Es para mí un honor y un compromiso llegar a esta tribuna del Premio Rómulo


Gallegos, que, como bien lo dijo aquí mismo Fernando Vallejo, es una de las más altas
de América.

Entre los muchos hechos que me han traído hasta aquí, quisiera mencionar dos, que
ocurrieron hace unos veinte años. Empezaba la conmemoración del quinto centenario
del llamado Encuentro de los Mundos, y esa circunstancia me hizo concebir el proyecto
de un libro de poemas en el que se oyeran las voces milenarias del continente. Me
parecía que en un mundo tan antiguo nosotros no podíamos tener quinientos años; era
una desventaja tener apenas quinientos años; y con ese libro de poemas, “El país del
viento”, intenté despertar en mí la conciencia de un pasado más hondo y más complejo.

También entonces me pidieron escribir la parte inicial de una “Historia de la poesía


colombiana”. Yo intenté brindar allí una muestra de la vasta y dispersa poesía de los
pueblos indígenas de Colombia, y después me interné por los meandros de la más
ambiciosa de las crónicas de la Conquista, las “Elegías de varones ilustres de Indias”, de
Juan de Castellanos.

No sabía yo que aquel poema iba a ocupar veinte años de mi vida.

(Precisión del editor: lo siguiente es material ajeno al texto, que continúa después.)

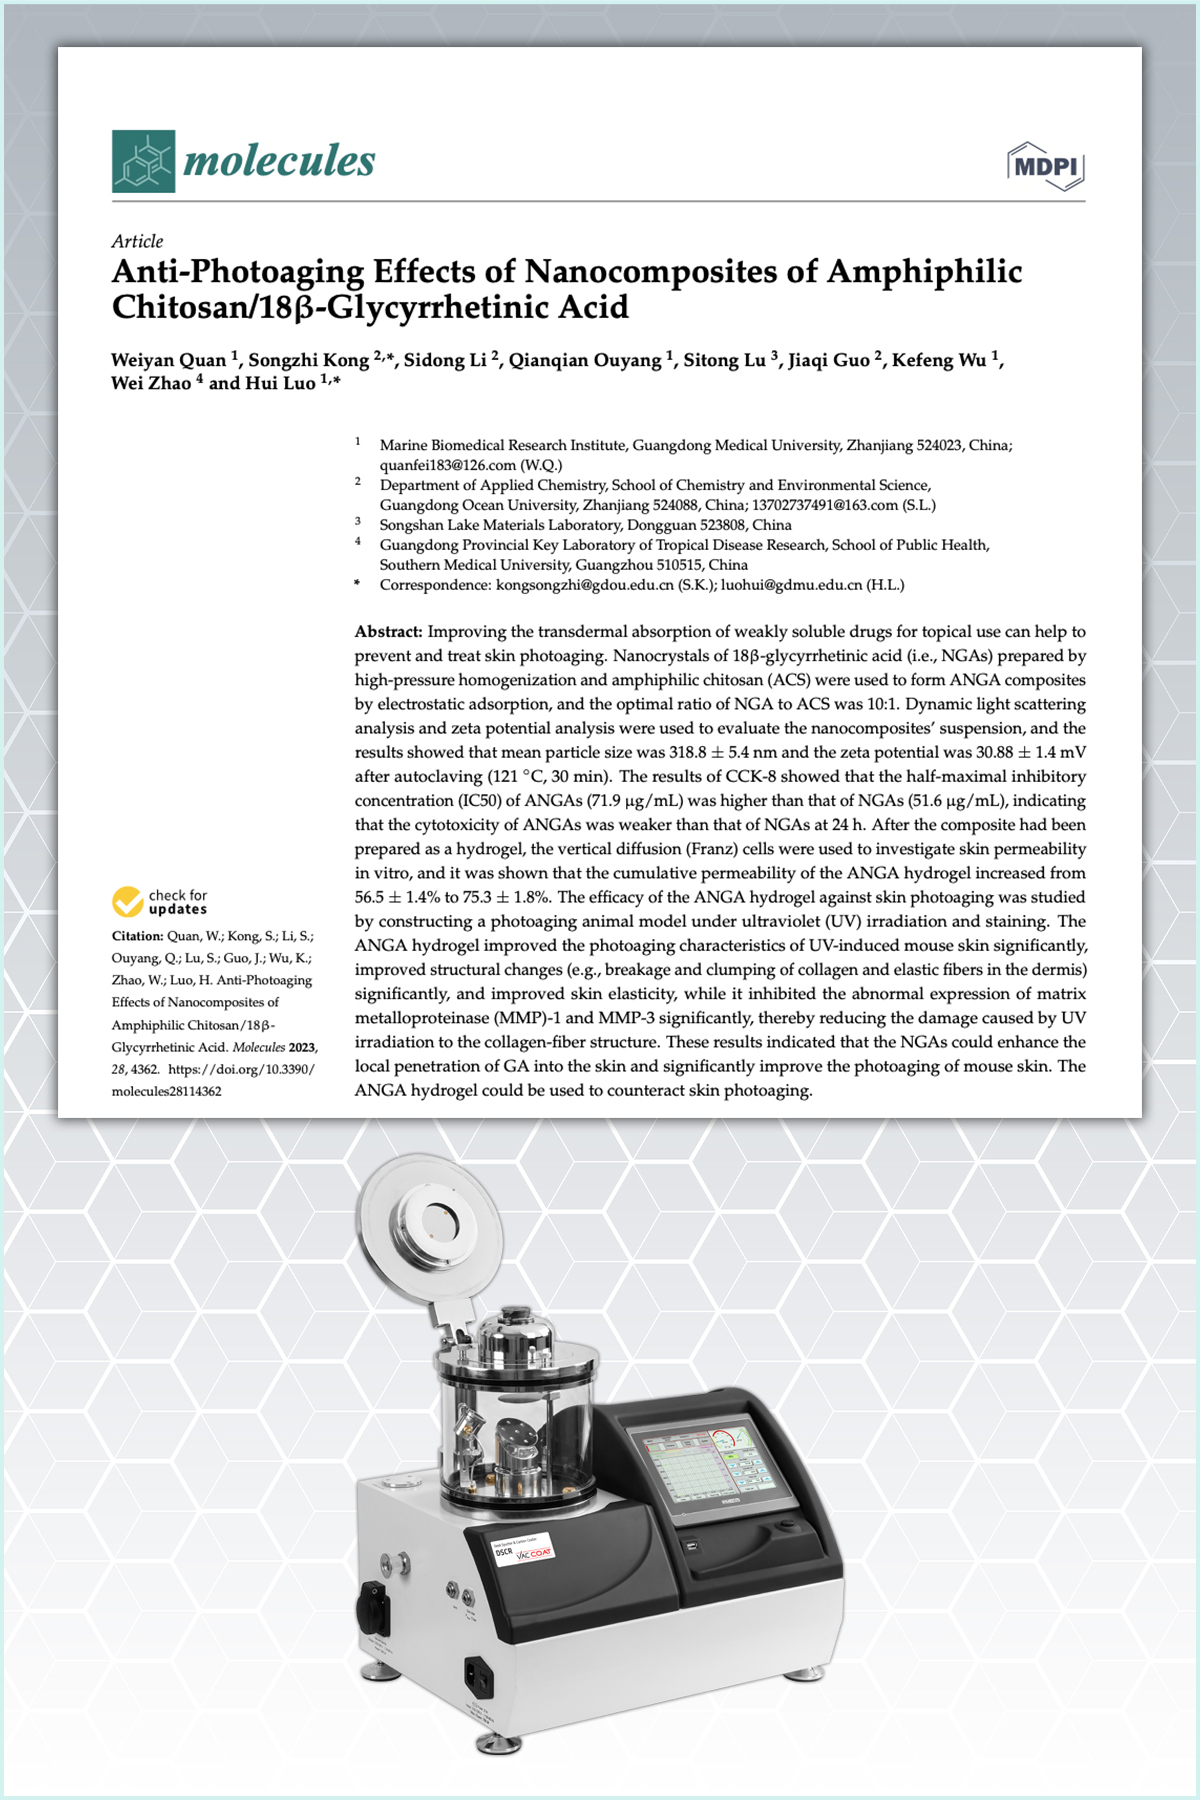 Anti-Photoaging Effects of Nanocomposites of Amphiphilic Chitosan/18β-Glycyrrhetinic Acid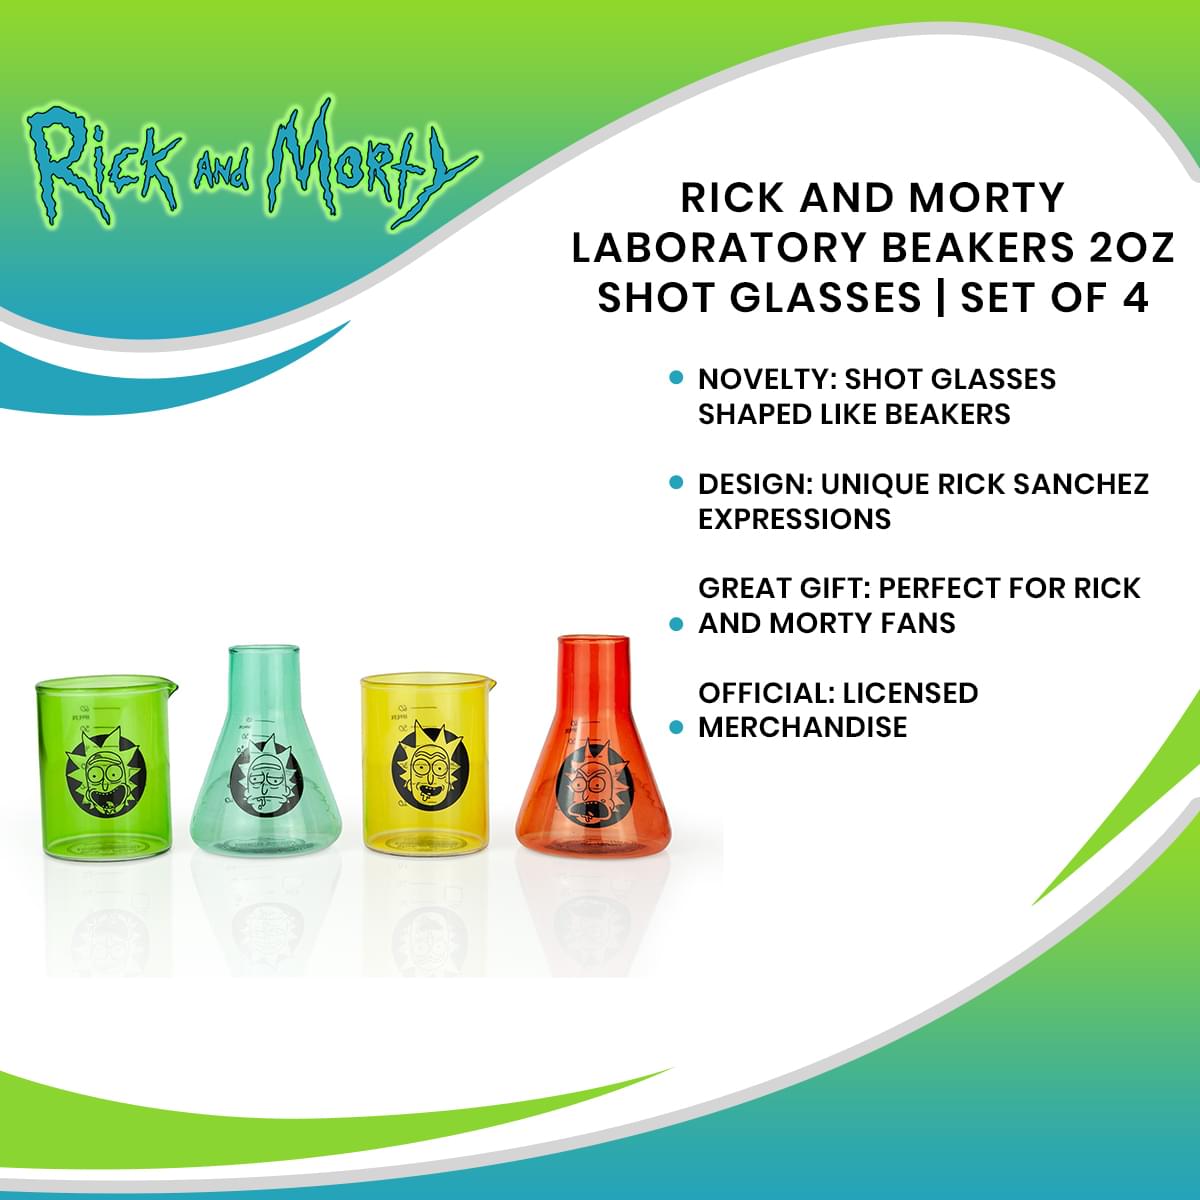 Rick and Morty Laboratory Beakers 2oz Shot Glasses | Set of 4

Comprendí que
nuestra literatura continental había comenzado no con un cuento sino con un canto, con
una crónica en verso casi infinita. Juan de Castellanos, un poeta bastante descuidado por
nuestra tradición, calumniado por una crítica doctrinaria, es el fundador de la poesía
escrita en español en República Dominicana, Puerto Rico, Jamaica, Trinidad,
Venezuela, Colombia, Panamá, Ecuador y el mundo amazónico. Leyendo ese libro
convulsivo e iluminado, ese objeto apasionante de observación y de erudición, yo viví
mi personal descubrimiento de América.

Algunos censuraron que yo intentara rescatar del olvido, o del desdén, esa crónica
abrumadora escrita en octavas reales a la algunos sabios españoles le habían negado
todo vuelo poético. Pero yo hallaba poesía en cada página, pasaba tardes enteras
conmovido por las batallas, sorprendido por el vuelo de los pájaros, entretenido por las
astucias de los guerreros, deslumbrado por el espectáculo de los pueblos nativos,
sobrecogido por la irrupción de los jaguares y de los caimanes, asombrado por la
minuciosa descripción de los atavíos de los jefes de Cumaná o por la artesanía de las
flechas, hechas con varas tostadas de palma y mortalmente terminadas con puntas de
diente de tiburón y puyas de raya. Alguien ha dicho que hay libros que tienen “todo el
abigarramiento de la selva y toda la erudición del Renacimiento”: yo reclamaría ese
honor para las “Elegías de varones ilustres de Indias”, de Juan de Castellanos, bajo cuyo
influjo he trabajado durante tanto tiempo, y de las que espero todavía aprender muchas
cosas.

Mientras me adentraba por la obra de ese hombre humilde de Alanís que tuvo la suerte y
la valentía de descubrir y de nombrar un mundo, me sorprendió que en 1992, cuando se
conmemoraba aquel choque, España hubiera impreso los rostros de Hernán Cortés y de
Francisco Pizarro en los billetes de mil pesetas, los que más circulaban en la península.
Sentí que España seguía envanecida de sus triunfos guerreros, celebrando el costado
épico de la Conquista, que es el que a nosotros más nos aflige, persistiendo en la
leyenda insostenible de que esos guerreros fueron paladines de la civilización, y
olvidando al mismo tiempo la labor de quienes intentaron verdaderamente establecer la
alianza de los mundos, de quienes denunciaban el horror de la Conquista como
Bartolomé de las Casas, de quienes interrogaban el mundo americano, como Gonzalo
Fernández de Oviedo, de quienes buscaban desesperadamente nombres para todas las
cosas, de quienes, más allá de la ambición y la codicia llegaron a amar el territorio,
procuraron comprender las culturas indígenas, e iniciaron el mestizaje de la lengua,
como Juan de Castellanos.

España había hecho obra de verdadera civilización, pero no lo sabía o no quería saberlo.
Prefería envanecerse de haber fundado el imperio más grande del mundo, repetirse que
bajo la corona de Carlos V no se ocultaba el sol, porque cuando oscurecía en las sierras
de oro de California ya estaba amaneciendo sobre los arrozales de Manila. Y yo lamenté
que, fiel a una suerte de envanecimiento bélico, sólo quisiera rendirles culto a sus
guerreros, y se olvidara de sus sabios y de sus poetas.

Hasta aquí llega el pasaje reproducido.